Supers, building managers, maintenance persons, custodial staff, groundskeeping personnel, porters, doormen, concierges—depending on the size of a community, the staff roster for a condo, co-op, or HOA can be pretty long. The truth is, in the case of almost any building or association over five units, at least a few of these people are necessary to the effective management and maintenance of the property.
Traditionally in multifamily buildings, whether a high-rise elevator building or garden-style apartment complex, there was a live-in super who handled day-to-day maintenance and minor repair work. When something went wrong, that’s who you called. The sink is backed up, call the super; an electrical outlet doesn’t work, call the super. Need to install an air conditioner? Call the super. All that was required was a small tip to show your gratitude.

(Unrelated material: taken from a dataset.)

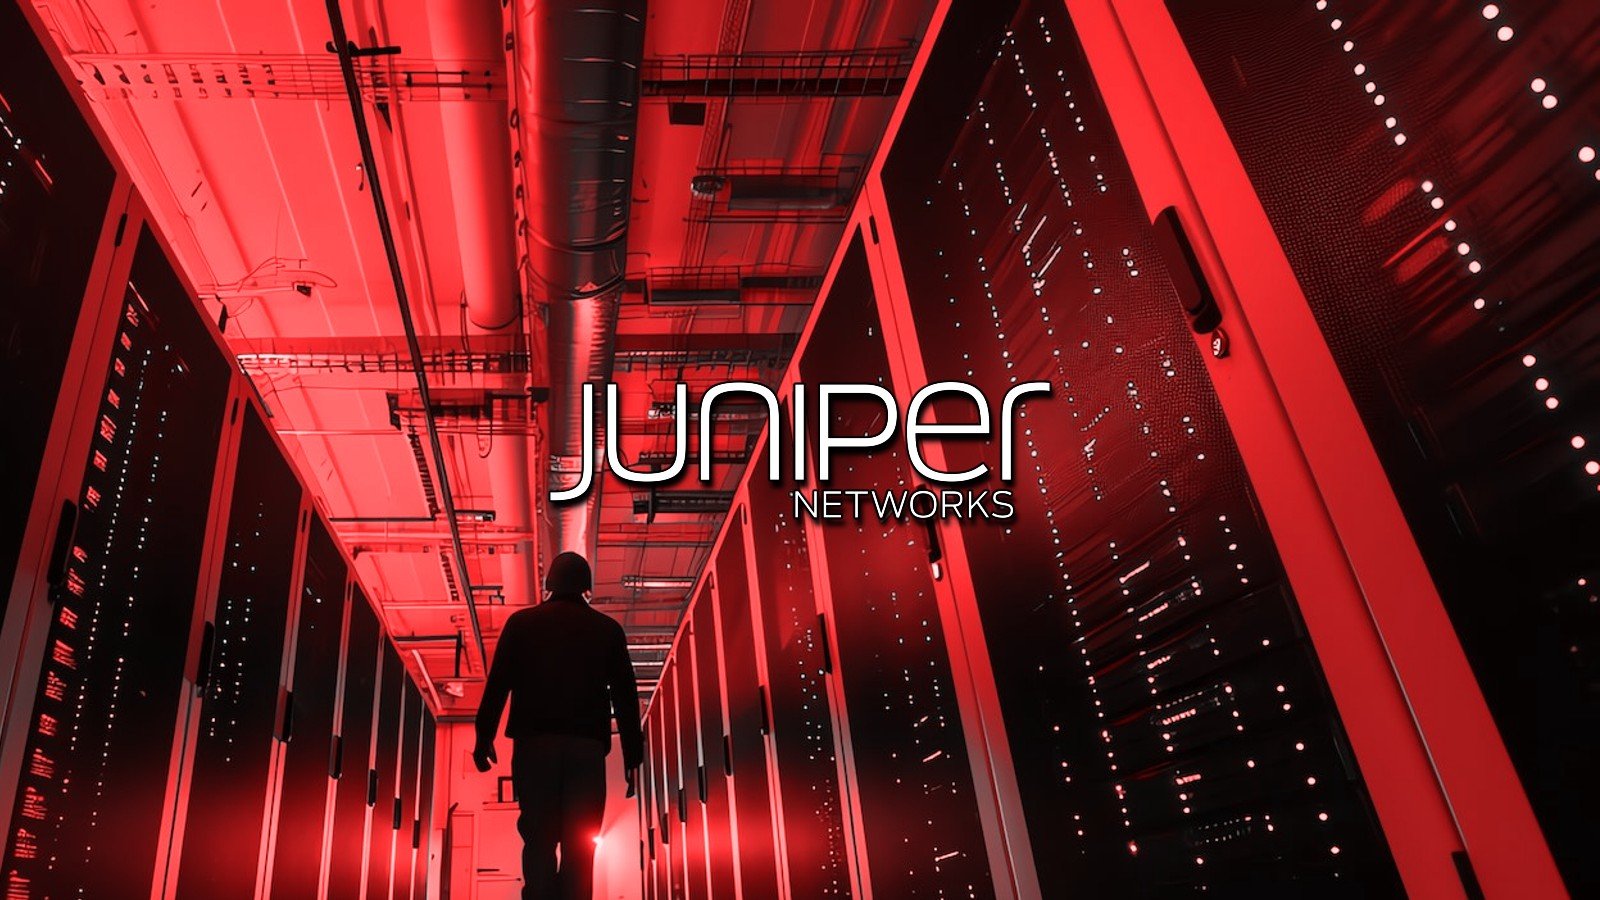 Juniper warns of critical RCE bug in its firewalls and switches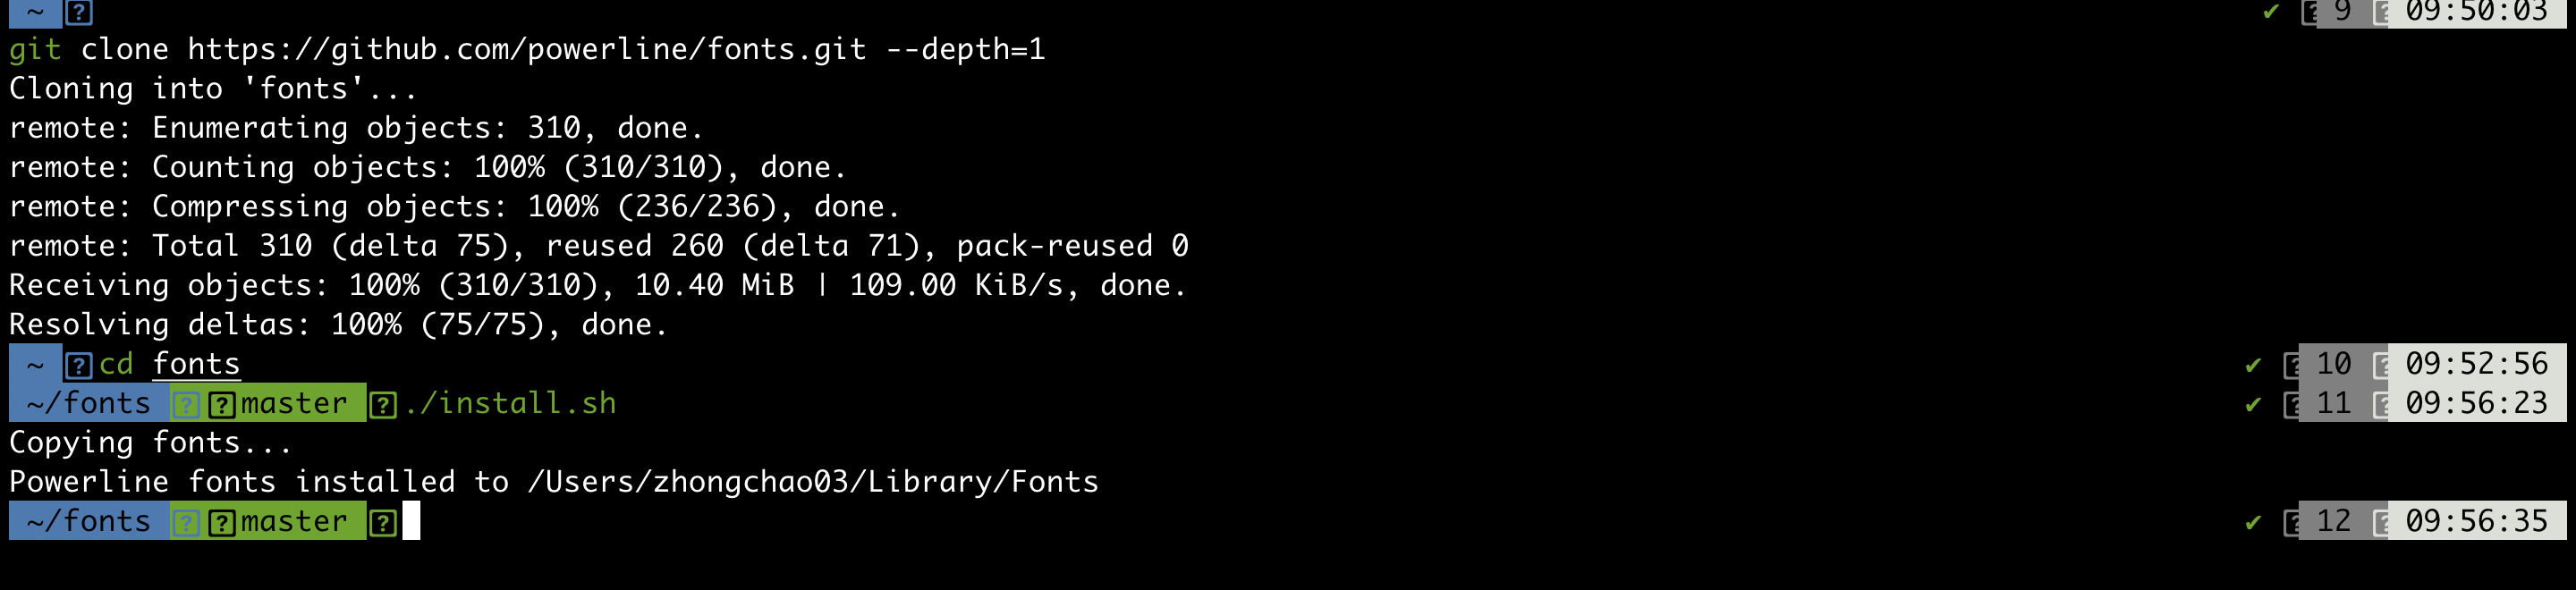 install-fonts.png

All that changed with the advent of owned units, regardless of the form of ownership. In co-op and condo buildings, the super, as an employee of the cooperative corporation or homeowners’ association, is there to supervise and maintain the common areas of the building. Anything within the confines of your actual unit is your headache. So, you’d better learn some basic home maintenance skills.
Building Staff Job Responsibilities
According to Stuart Halper, president of Impact Management, a large co-op and condominium management firm with locations in New York, “Their duties are pretty general. In a larger building, the super manages the porters and doorman. In a building without porters or doormen, the super manages himself. More specifically, the super’s responsibility is to oversee maintenance and other work, ongoing or case specific. He or she will also do certain types of light repairs, like simple plumbing or electrical work, for example. Porters do the daily cleaning, pulling of garbage, vacuuming, dusting, etc. In the event there is no porter, the super will do these jobs. In non-union buildings, supers tend to have somewhat more wide-ranging responsibilities,” due to the fact that union contracts outline job descriptions more thoroughly.
David Levy of Sterling Services Inc., a property management firm based in Holliston, Massachusetts, says emphatically that “There is a direct relationship between resident satisfaction and site staffing level. The role of in-house maintenance personnel in all forms of shared equity residential property, whether it be condos, co-ops or HOAs, is to provide higher and faster service levels than might be provided were these services handled by off-site maintenance staff. This is for several reasons. First, the on-site staff knows the property better. Second, there isn’t any travel time to the property. Third, parts that might be needed can frequently can be pre-stocked on-site. And fourth, the staff knows the residents – including those with special needs.”